Foo Fighters are a giant band, an arena band, and I suppose that should mean something until you remember Grand Funk were a big band, an arena band too. I could go on, as I want to, about what it says about the American listening public that they can’t get enough second-hand music, while ignoring bands that are truly mining new ground. The critic Robert Christgau wrote of the Foo Fighters debut, “The spirit is strong but the identity is weak,” and I think that about sums it up. Grohl gave it his utmost, but he was simply too much in thrall to Nirvana and Cobain to make his own mark.

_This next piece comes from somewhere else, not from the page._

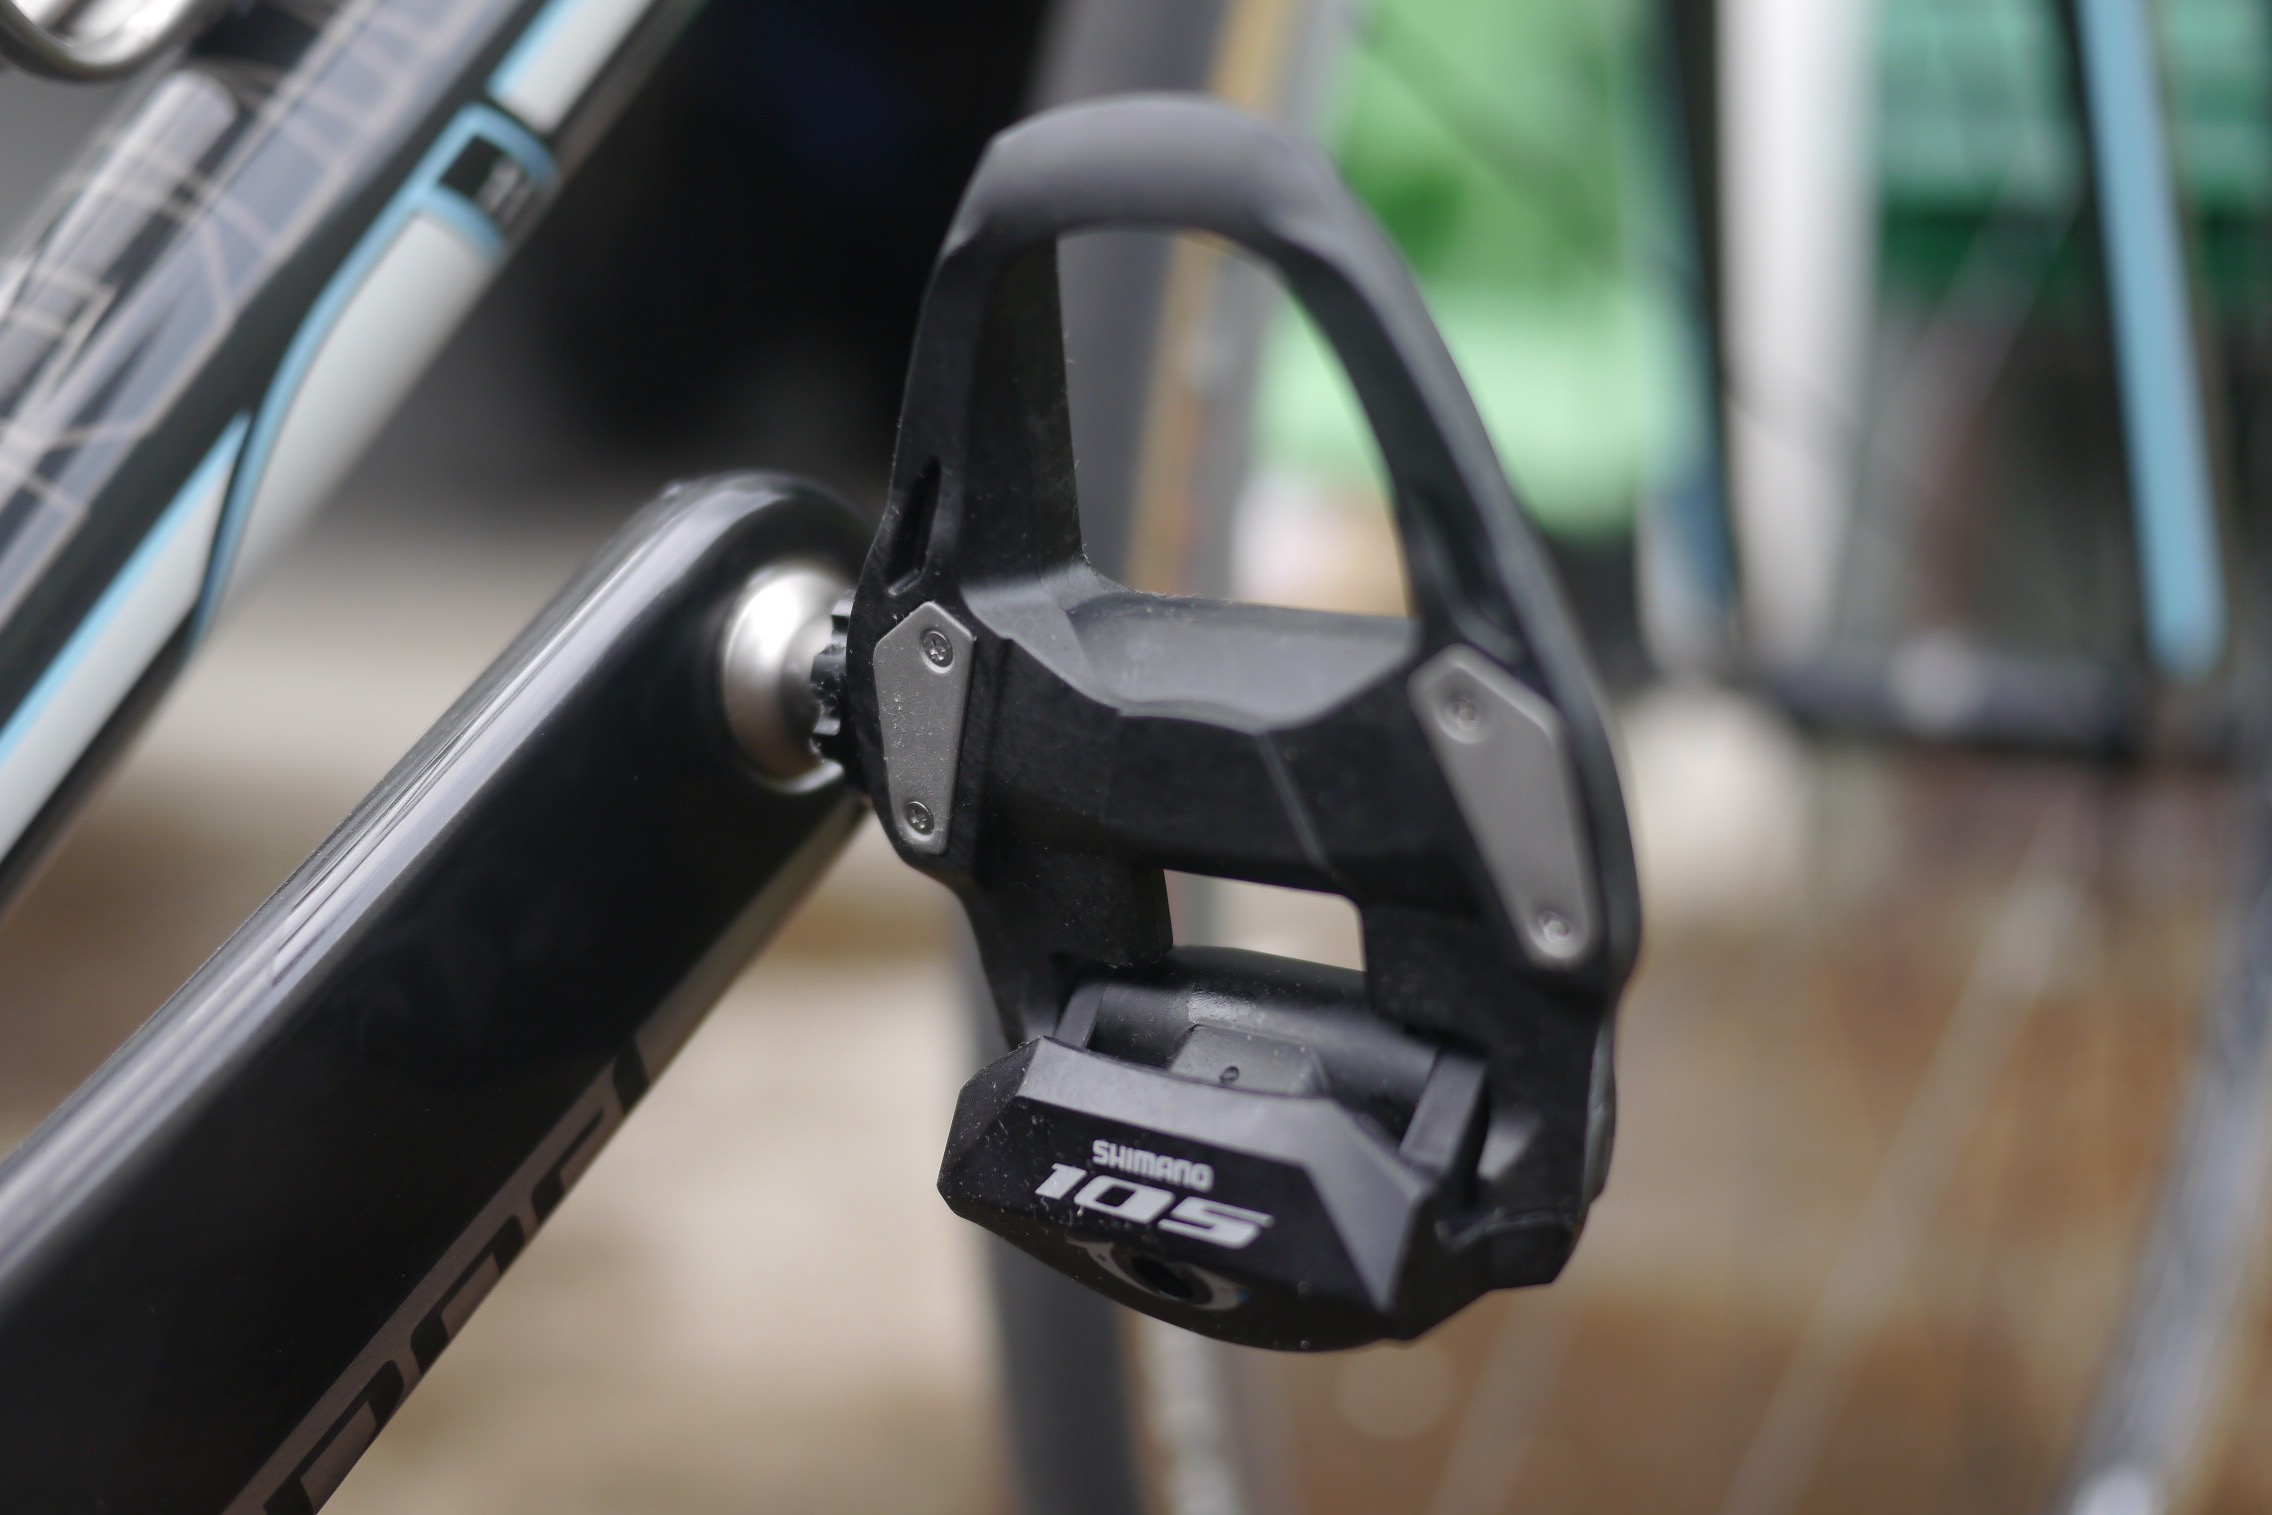 Shimano 105 road bike pedals detail shot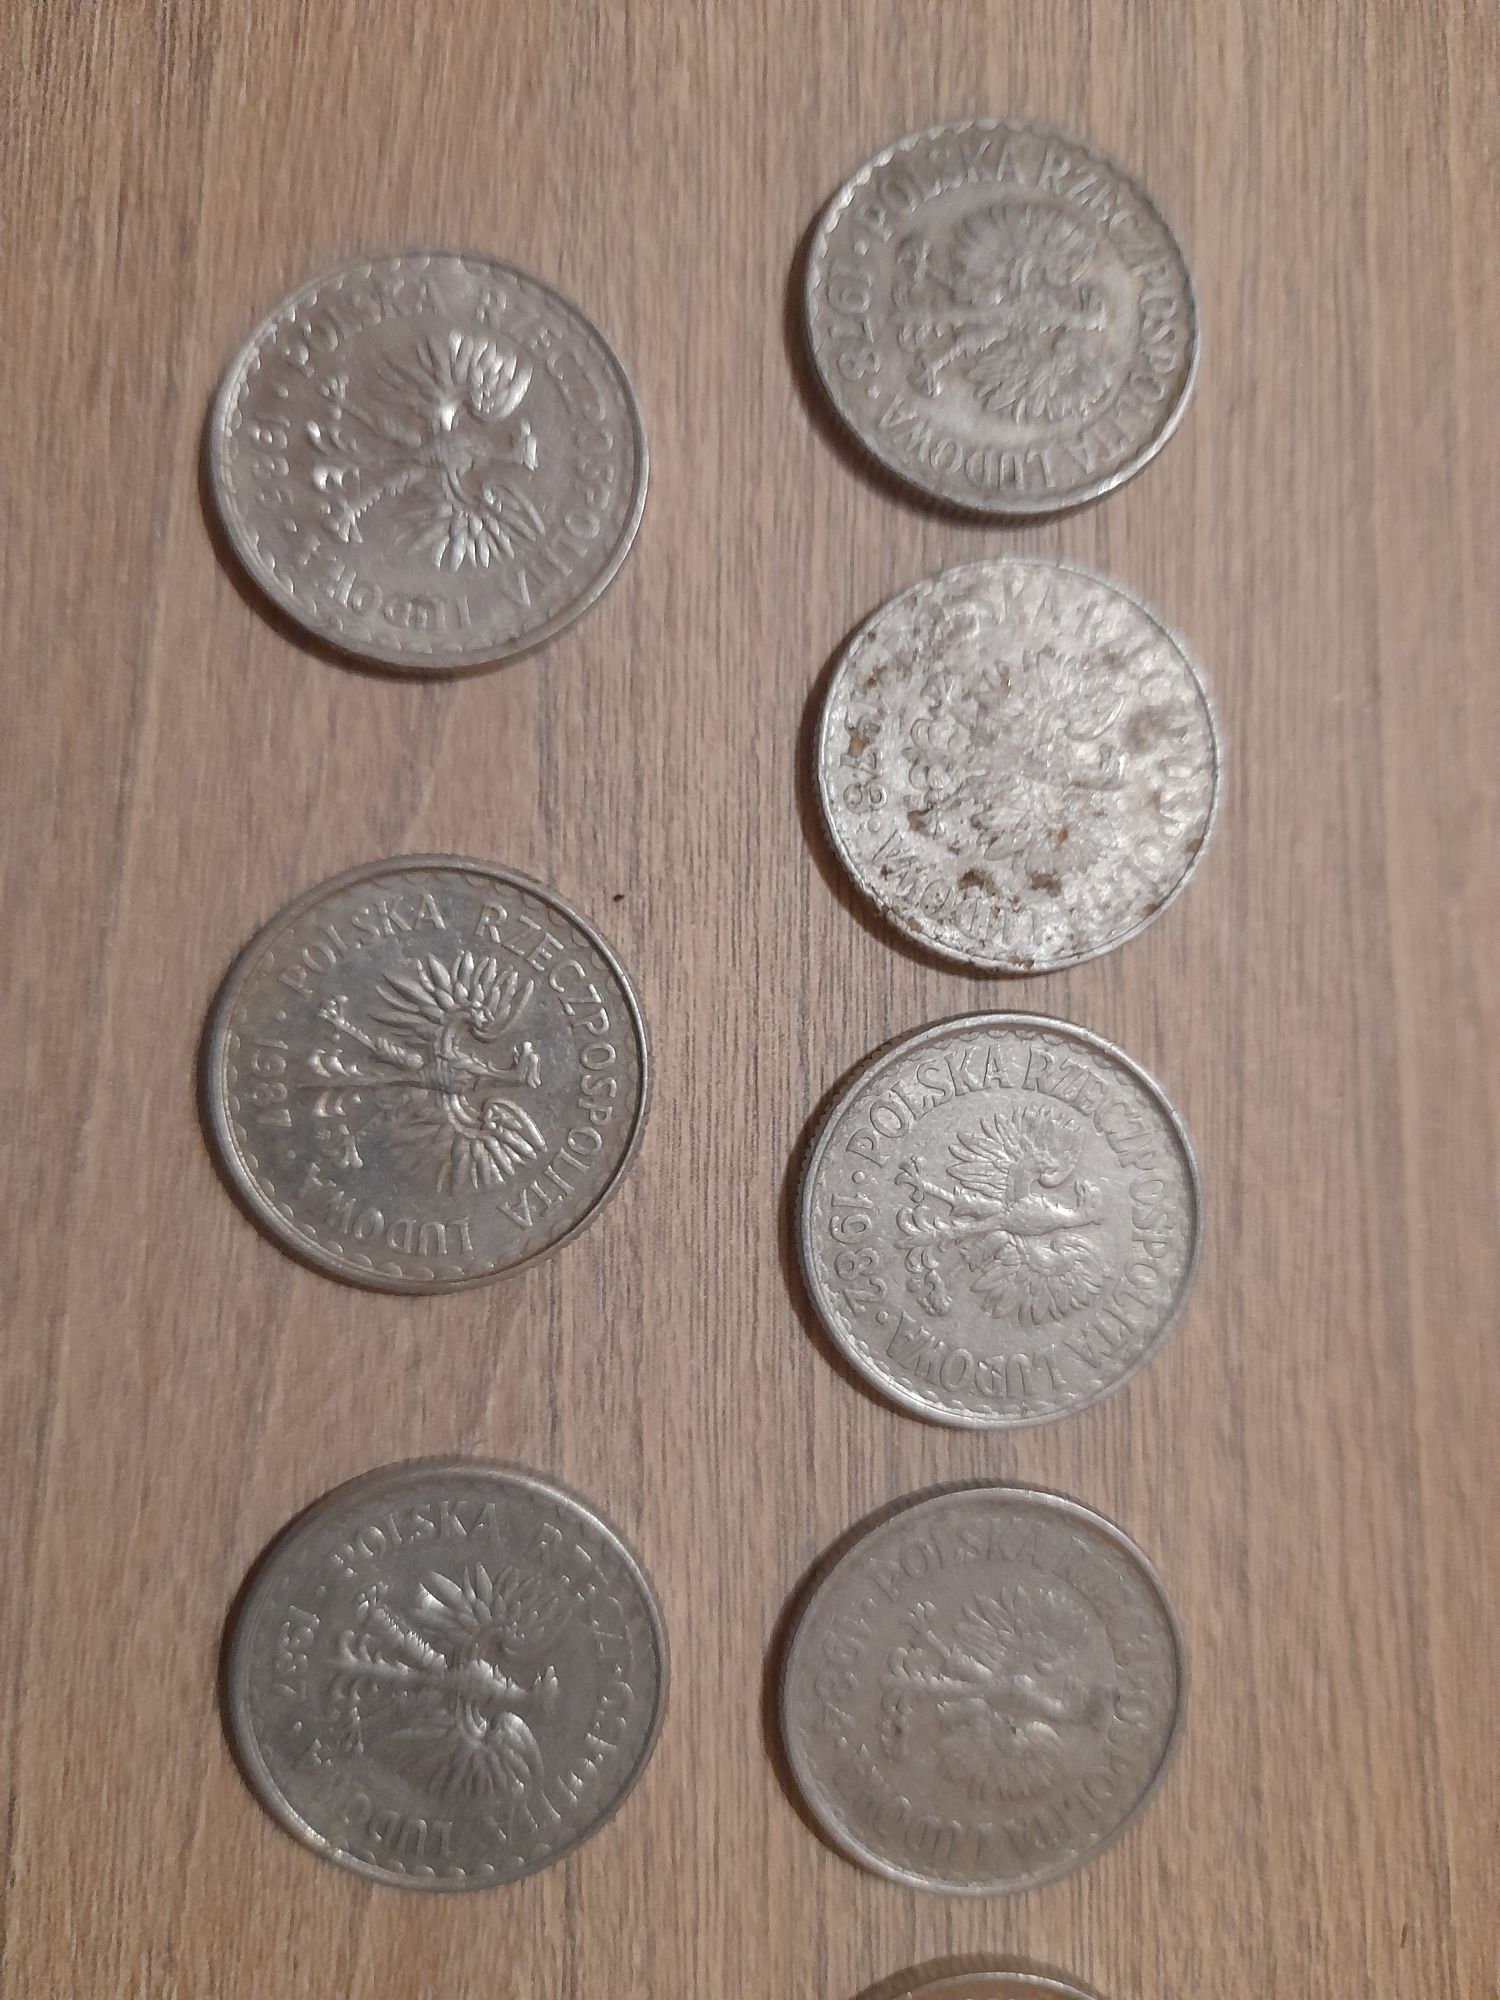 Stare monety 1zl, 2zl z PRL

I think he’s made strides in escaping Cobain’s shade over the years, but I still find his music to be both colorless and generic. In one of the songs on the debut Grohl sings, “How could it be I’m the only one who sees your rehearsed insanity?” He might as well have been singing about himself. It’s hard to crawl out from beneath a shadow as imposing as the one cast by the late Kurt Cobain, and the task, on this LP, was too much for Grohl. Which isn’t to say he hasn’t recorded some excellent songs or that he’s not a nice guy. He has and he is. But as Leo Durocher once said, “Nice guys finish last.”